▶ EXERCISE REQUIREMENTS:
What is needed is the exact text of each line in the listing below from the one with "Holley 21-150 Timing Chain Cover 1996" up to and including the one with "Offshore Companies and Foreign Companies", and no pictures.

▶ SUPPLIED DATA:
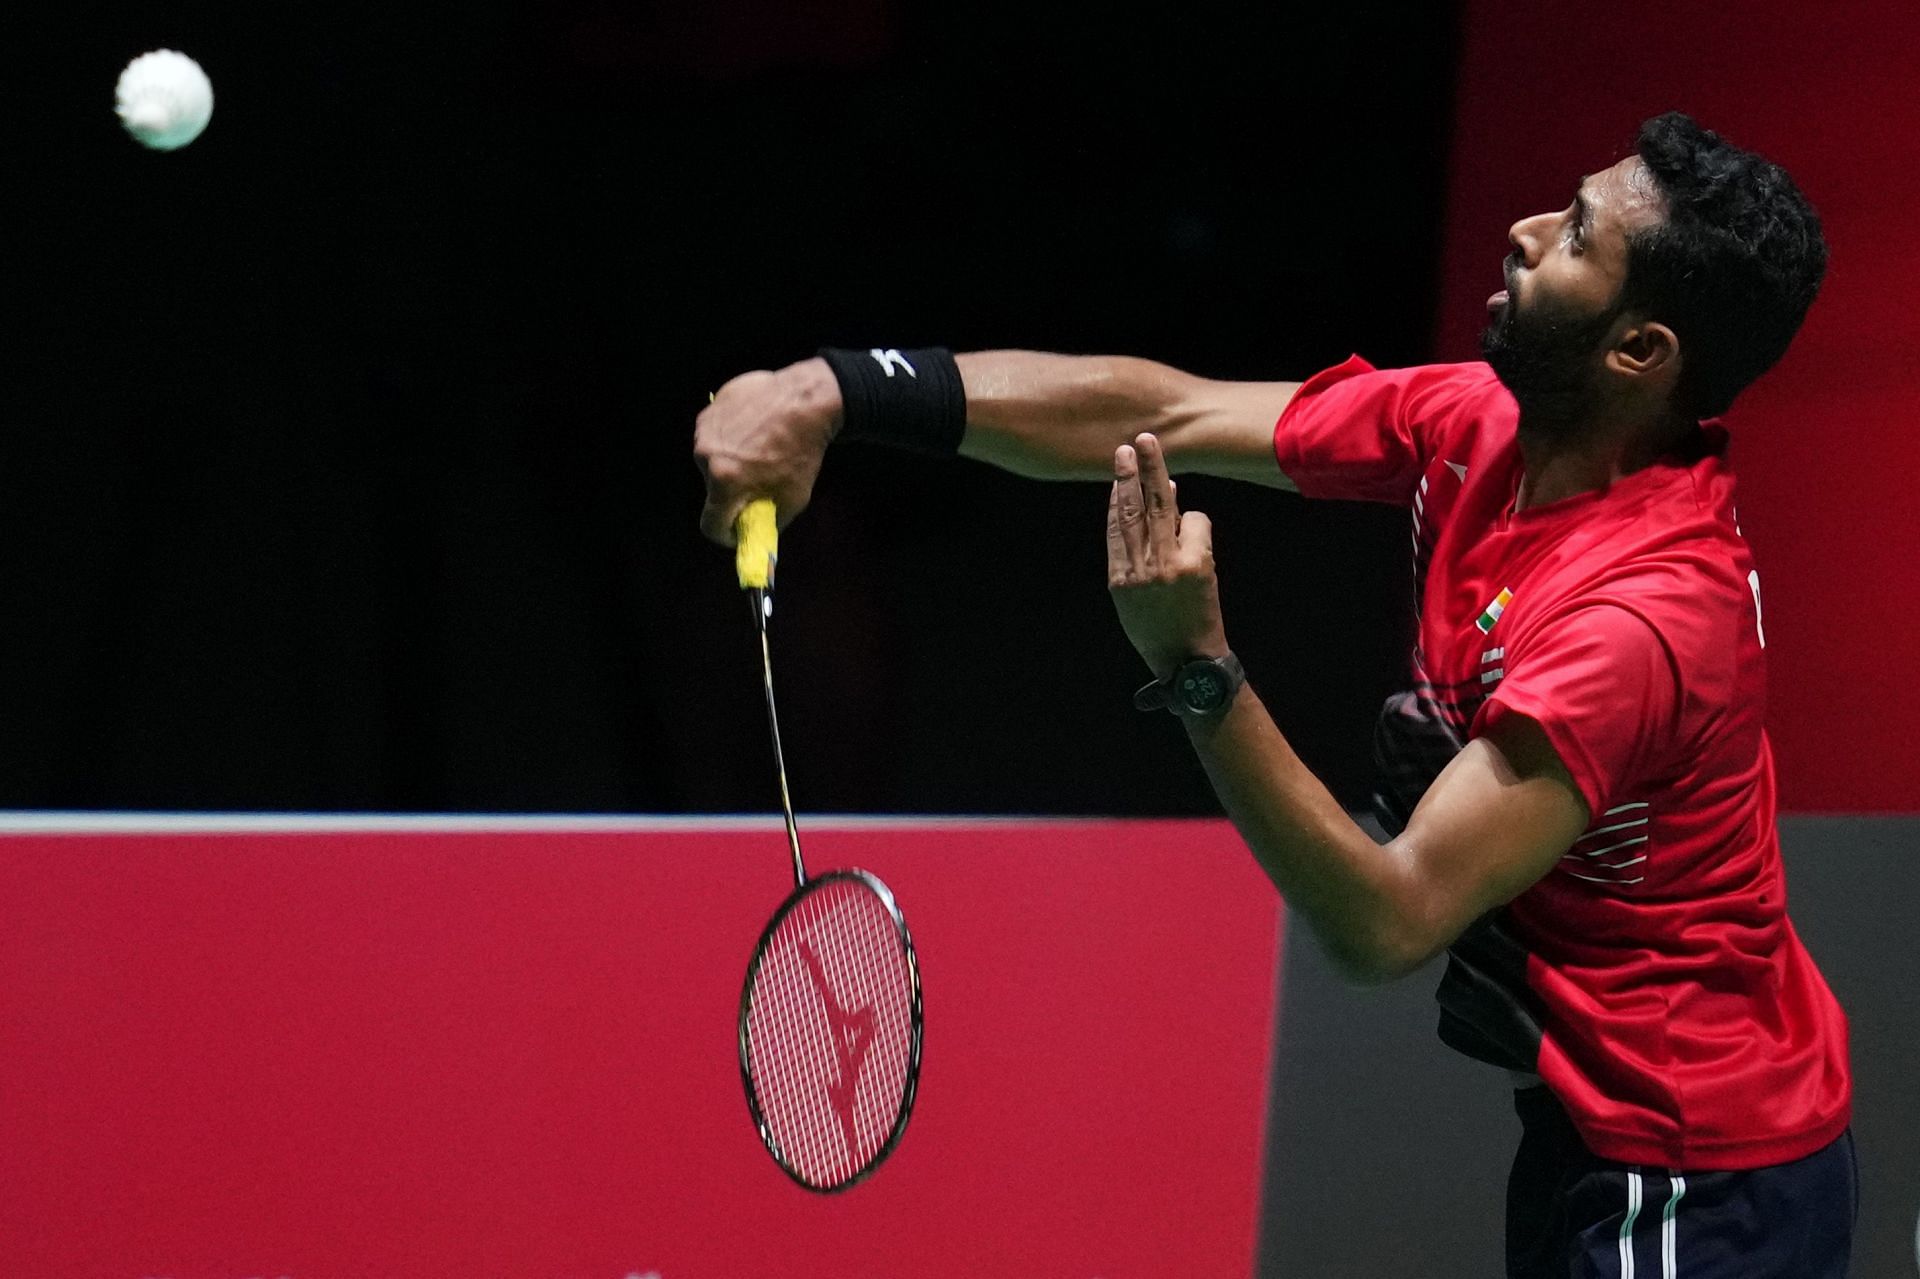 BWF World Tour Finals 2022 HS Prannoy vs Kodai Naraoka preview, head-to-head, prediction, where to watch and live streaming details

...

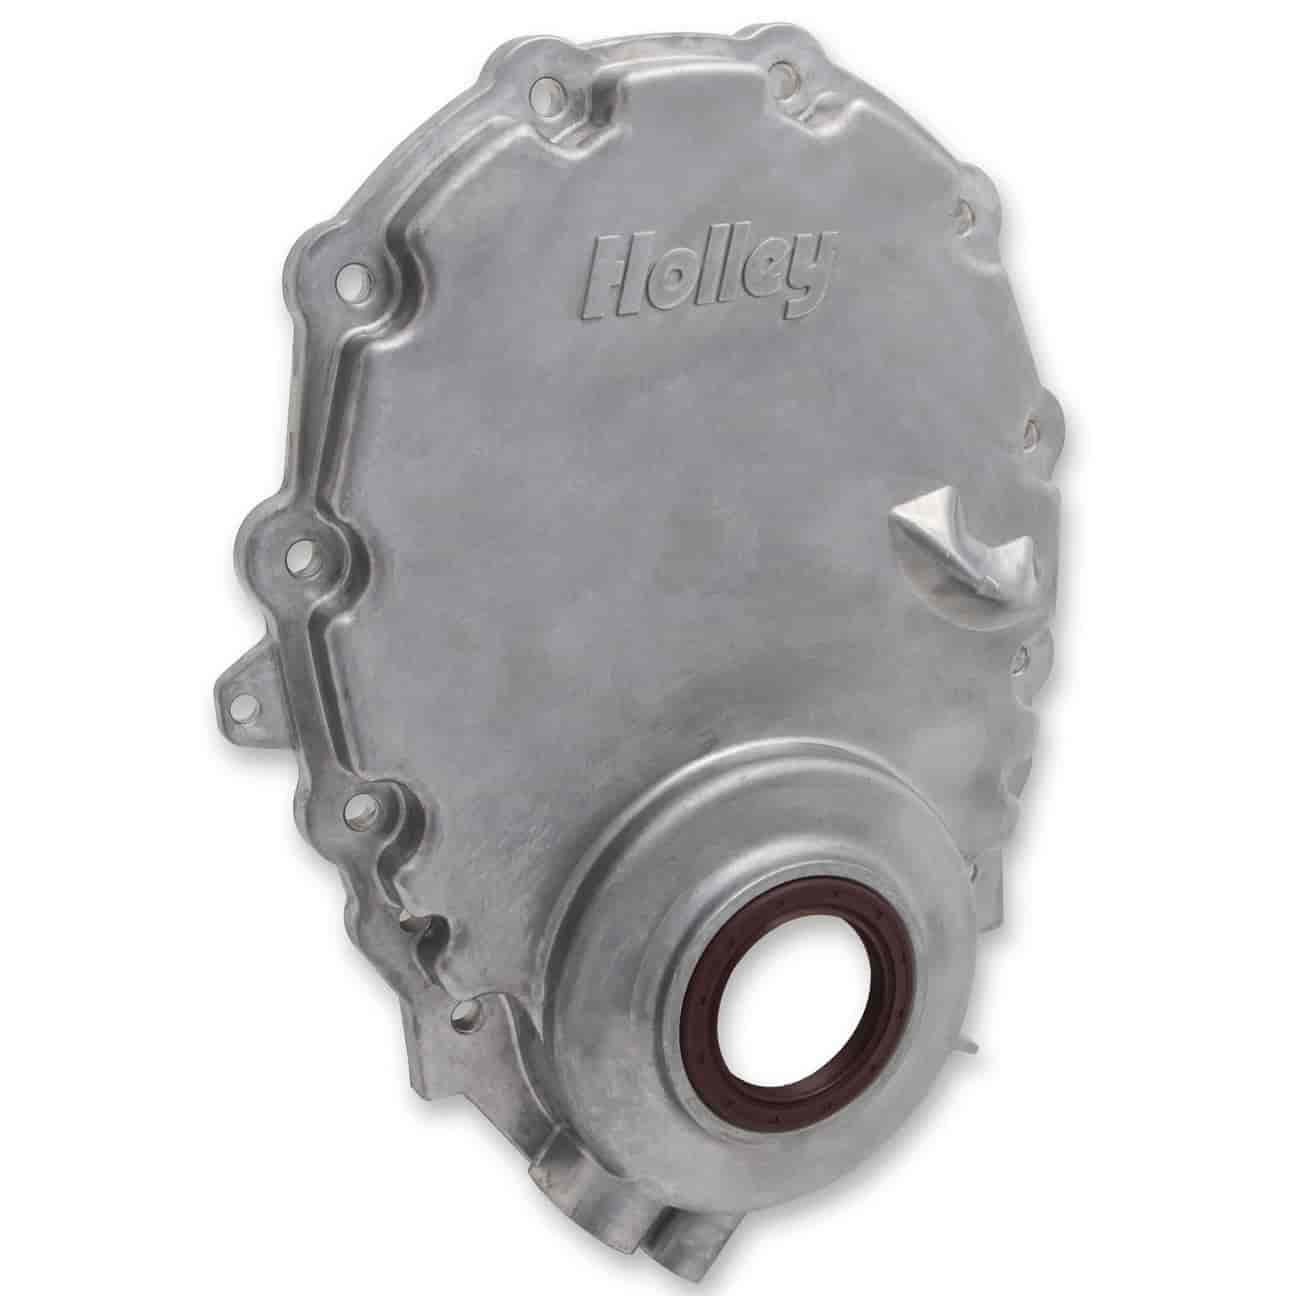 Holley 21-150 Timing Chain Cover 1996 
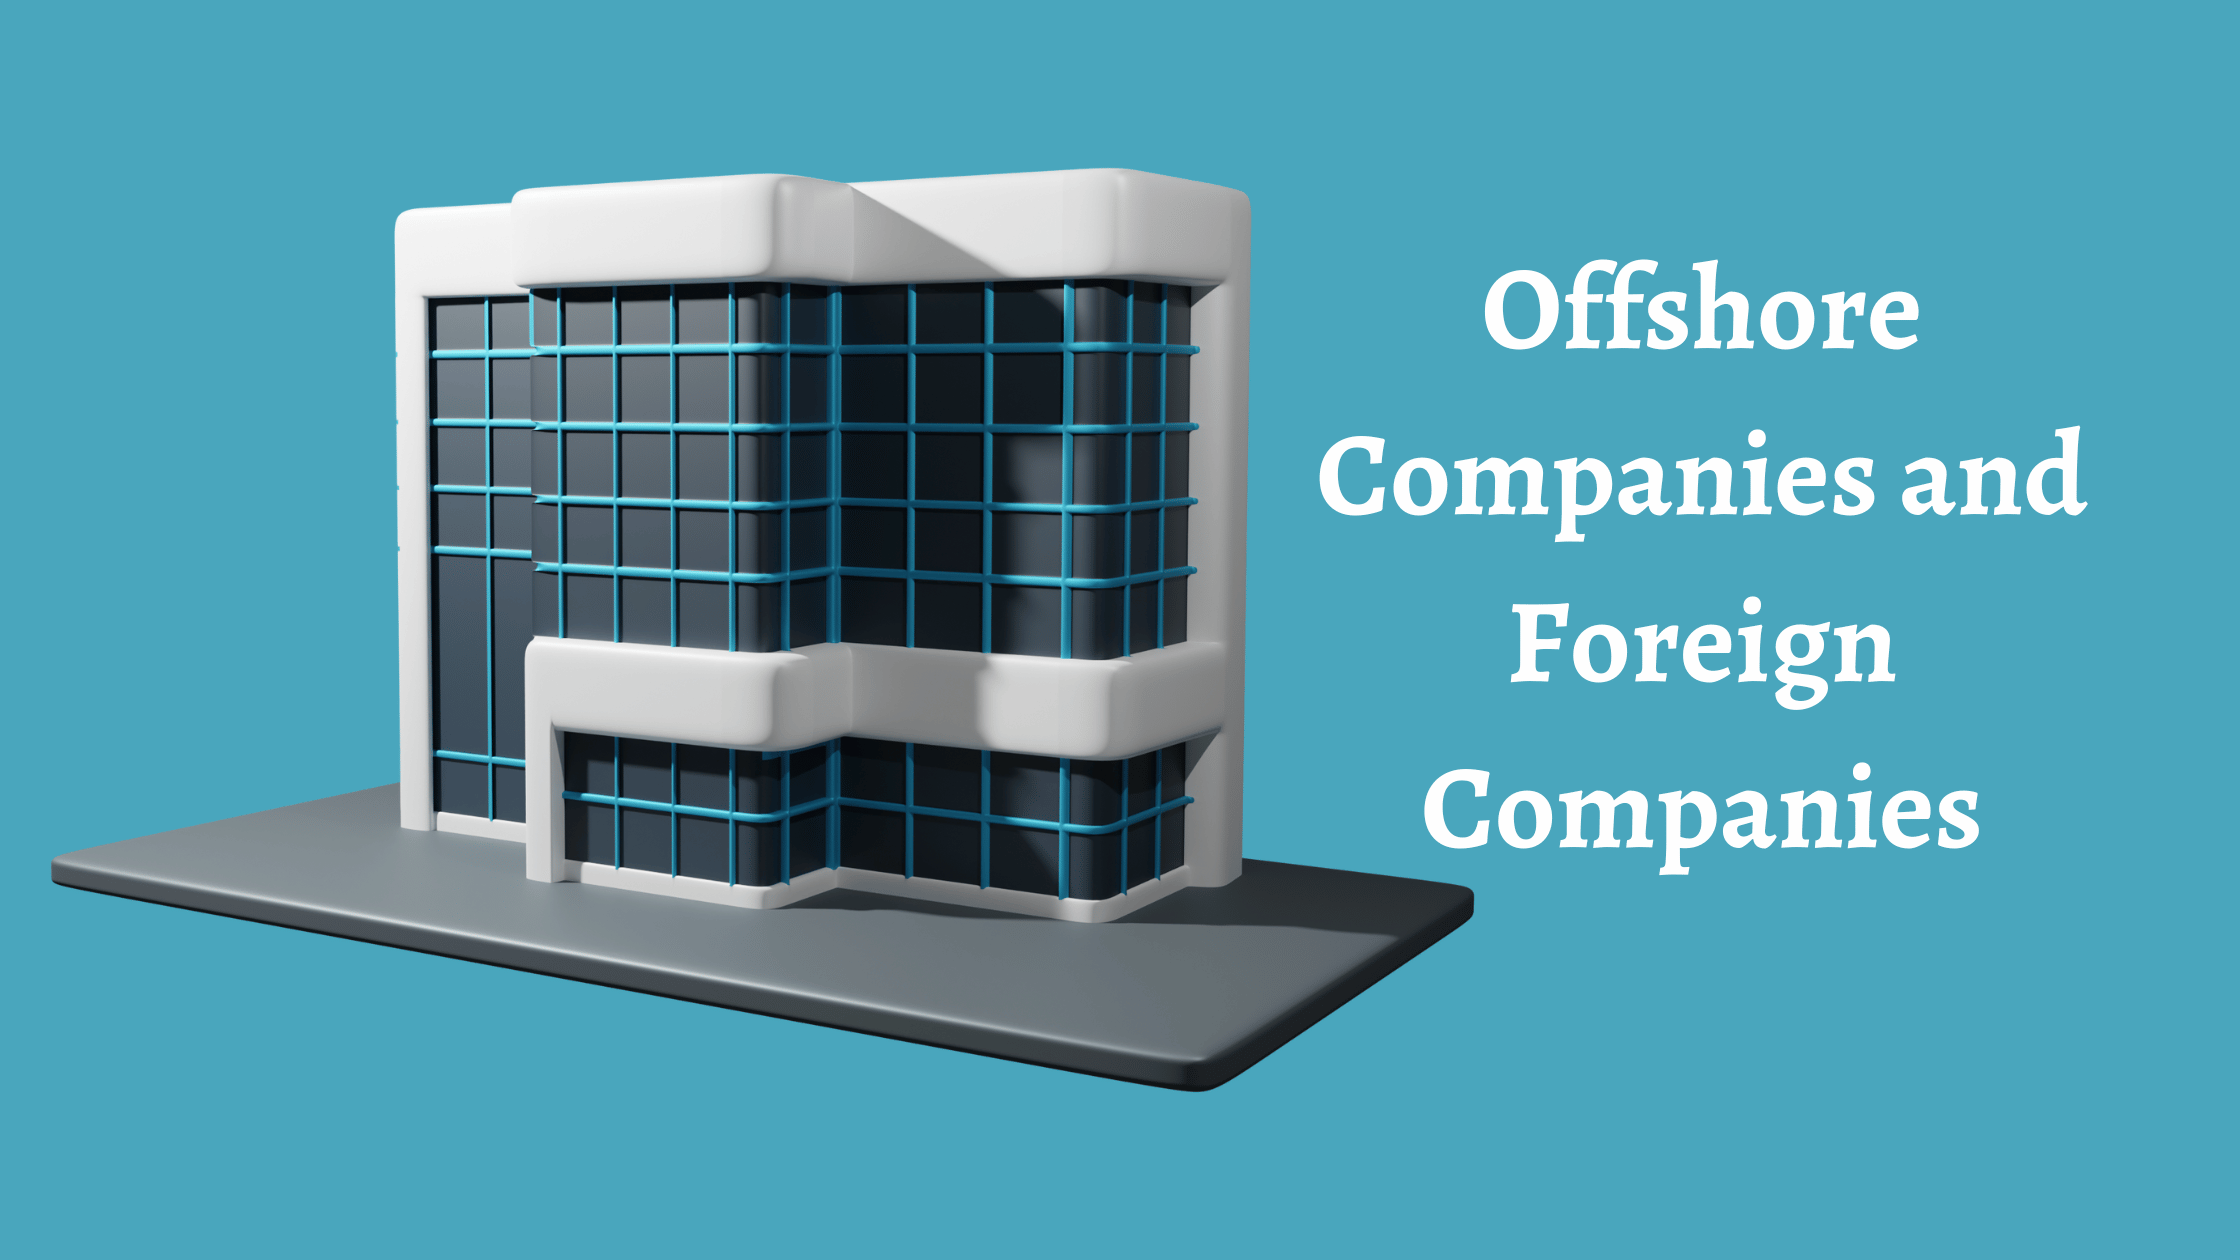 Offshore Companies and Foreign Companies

---

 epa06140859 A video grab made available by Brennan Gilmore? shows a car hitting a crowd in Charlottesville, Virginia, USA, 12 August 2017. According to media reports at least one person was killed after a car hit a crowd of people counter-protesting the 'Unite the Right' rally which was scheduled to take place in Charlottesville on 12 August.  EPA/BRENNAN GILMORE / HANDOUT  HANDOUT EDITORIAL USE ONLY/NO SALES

▶ YOUR RESPONSE:
 Holley 21-150 Timing Chain Cover 1996 
 Offshore Companies and Foreign Companies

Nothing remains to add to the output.